歌舞伎座「錦秋十月大歌舞伎」夜の部で上演中の『源氏物語』で、光源氏を演じて観客を魅了している市川染五郎さん。染五郎さんは美的センスあふれる姿でも知られる存在ですが、近年は幅広い役に取り組み歌舞伎俳優としてさまざまな表情を見せています。上演中の舞台の様子とともに近況をお届けします。
優美な貴公子ぶりで令和の光源氏誕生!
坂東玉三郎さんの監修で上演されている『源氏物語 六条御息所の巻』は光源氏の年上の恋人・六条御息所と正妻である葵の上のエピソードを描いた物語。幕が開くと平安絵巻の世界がスタイリッシュな舞台となって立ちあらわれ、客席にその雅な雰囲気が存分に浸透したところでいよいよ染五郎さんの登場となりました。立ち姿の美しさといい優雅な物腰といい、期待通りの貴公子ぶりです。

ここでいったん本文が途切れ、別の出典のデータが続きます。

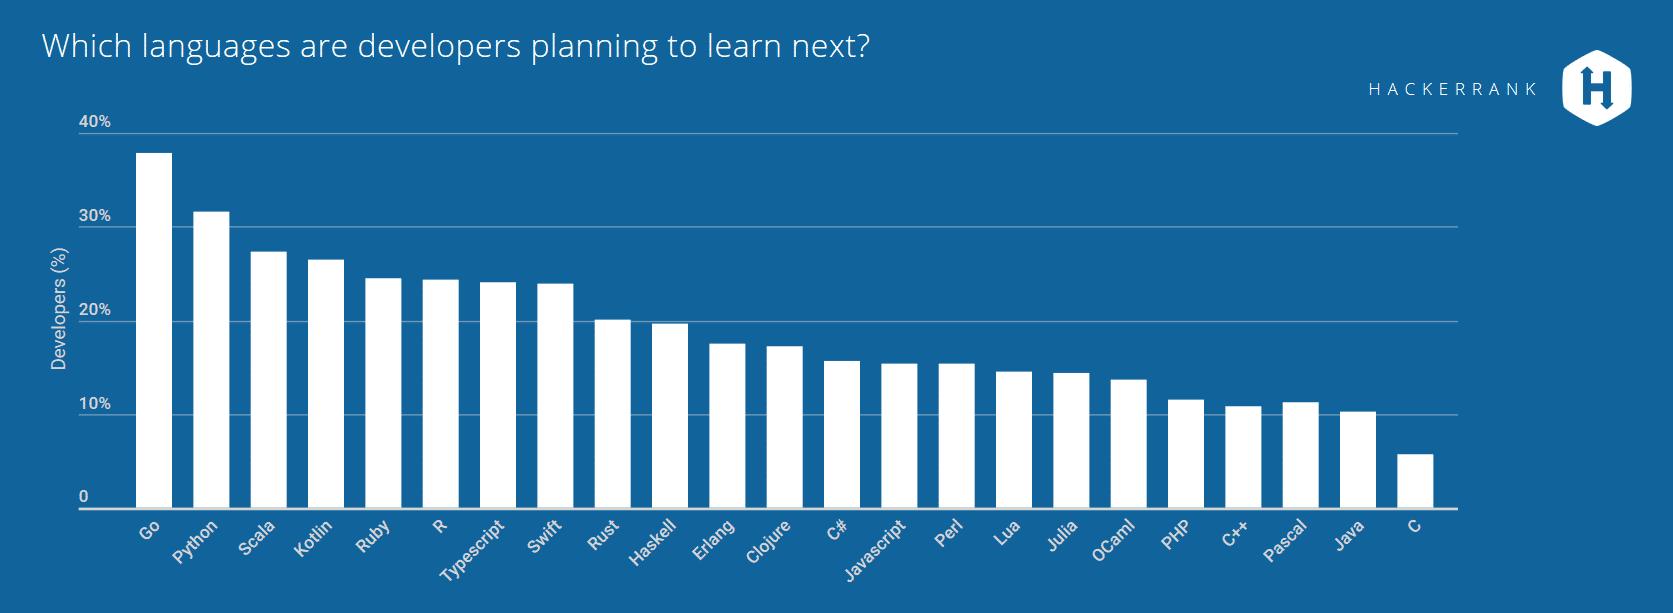 Alle wollen Googles Sprache Go lernen -- dicht gefolgt von Python. (Bild: (Bild: HackerRank.com)

「玉三郎のおじさまにおっしゃっていただいたことで一番印象深かったのは、平安時代の貴族は日常の生活の中にも様式がある、という言葉です。座った状態から立つというような、ごく普通の動作においてもそれは言えることで、意識してやっているかのように見えてしまうとぎこちなくて美しくない。お客様にタイムスリップしていただくためには、その時代なりの普段の生活をごく自然に演じられるようでなければいけない……。これはどんな芝居にも言えることだと思いました」(染五郎さん・以下同)
その名の通り“光り輝く君”として描かれている人物に対しては、どのような思いを抱いているのでしょうか。
「たくさんの女性に好かれる人物ですが、それは男としてだけでなく人を惹きつける魅力があるということなのだと思います。玉三郎のおじさまのご指導のもと平安時代を生きる、そのような人物として見えるように、セリフの間やテンポに気をつけてゆっくりとおおらかに語尾まできっちり言うようにしています」
世界最古の長編恋愛小説といわれる「源氏物語」は、世界各国に翻訳されさまざまなコンテンツが生まれ、歌舞伎でもたびたび取り上げられてきました。日本の文化の中で育まれた美しい所作を身につけ優美な姿を体現してくれている染五郎さんが、令和の光源氏としてこの後も観客の目を楽しませてくれるであろうとことは必至。これはその第一歩となる舞台です。